NADPH oxidase-dependent oxidative stress and mitochondrial damage in hippocampus of D-galactose-induced aging rats

Mitochondrial DNA (mtDNA) common deletion (CD) plays a significant role in aging and age-related diseases. In this study, we used D-galactose (D-gal) to generate an animal model of aging and the involvement and causative mechanisms of mitochondrial damage in such a model were investigated. Twenty 5-week-old male Sprague-Dawley rats were randomly divided into two groups: D-gal group (n=10) and control group (n=10). The quantity of the mtDNA CD in the hippocampus was determined using a TaqMan real-time PCR assay. Transmission electron microscopy was used to observe the mitochondrial ultrastructure in the hippocampus. Western blot was used to detect the protein levels of NADPH oxidase (NOX) and uncoupling protein 2 (UCP2). We found that the level of mtDNA CD was significantly higher in the hippocampus of D-gal-induced aging rats than in control rats.
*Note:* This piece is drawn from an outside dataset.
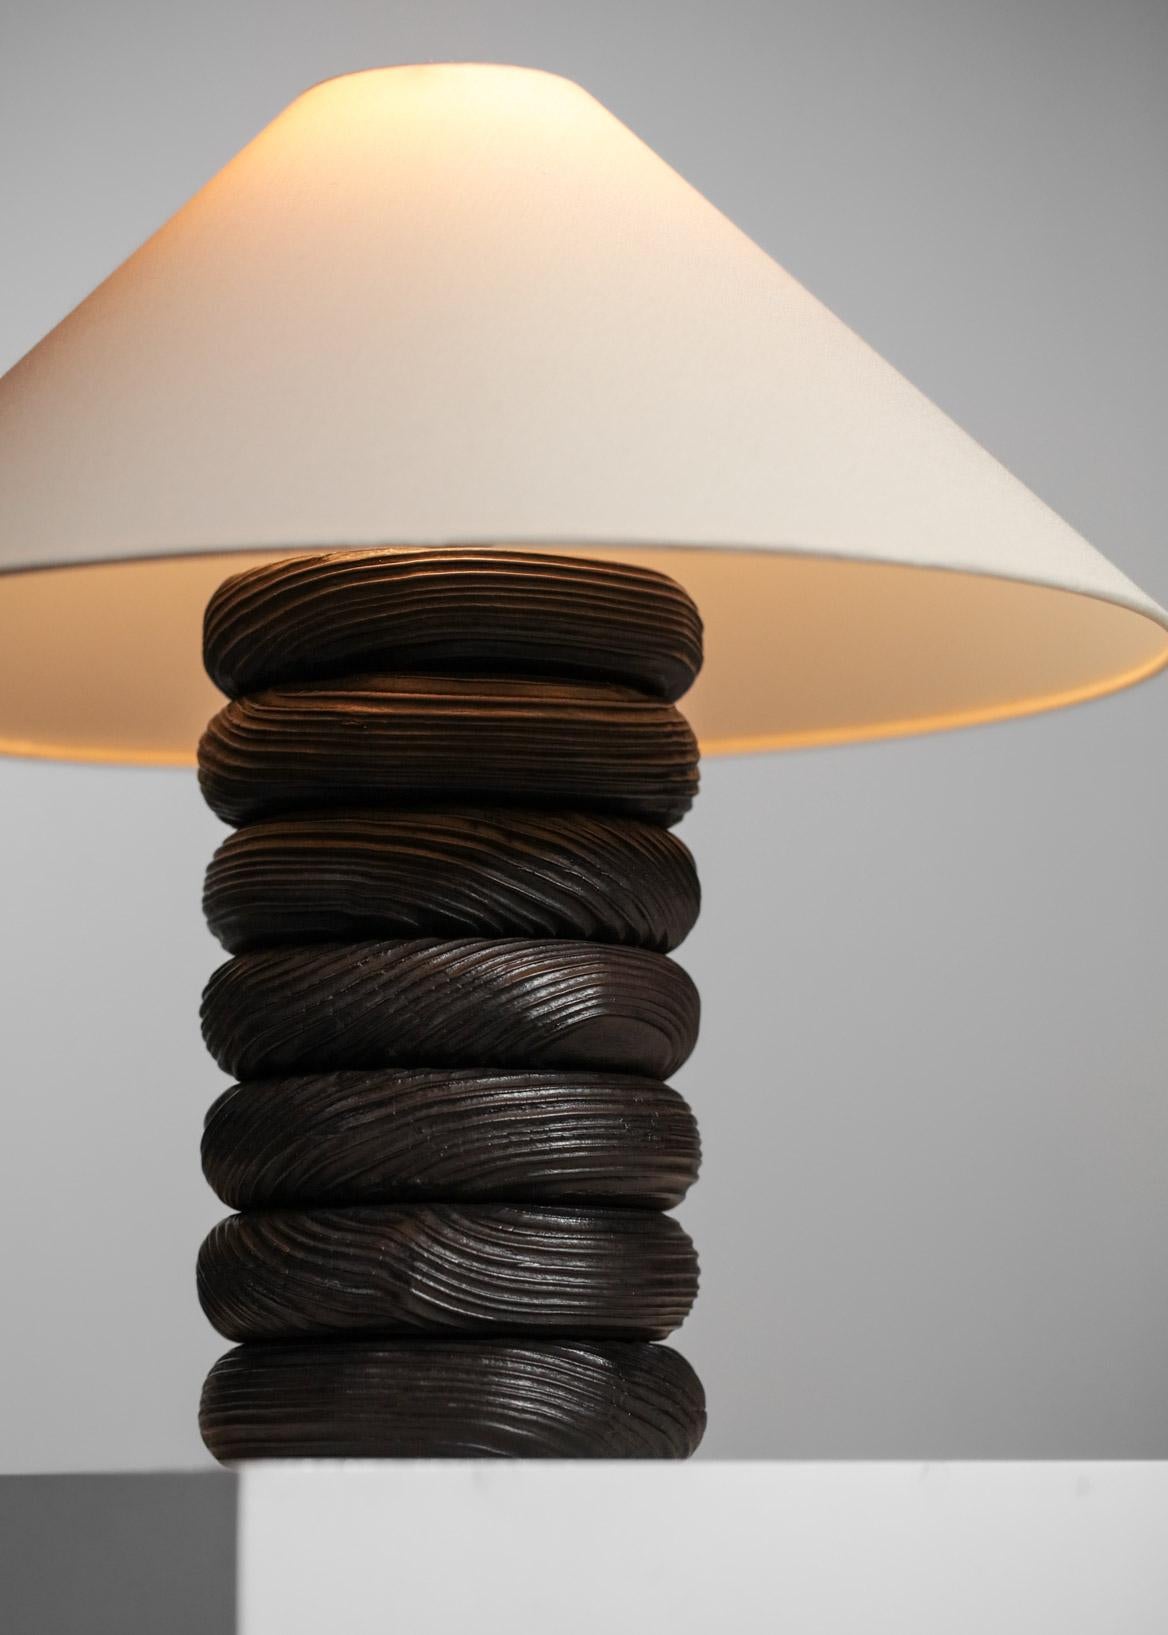 solid wood table lamp

In comparison with the control group, the mitochondrial ultrastructure in the hippocampus of D-gal-treated rats was damaged, and the protein levels of NOX and UCP2 were significantly increased in the hippocampus of D-gal-induced aging rats. This study demonstrated that the levels of mtDNA CD and NOX protein expression were significantly increased in the hippocampus of D-gal-induced aging rats. These findings indicate that NOX-dependent reactive oxygen species generation may contribute to D-gal-induced mitochondrial damage.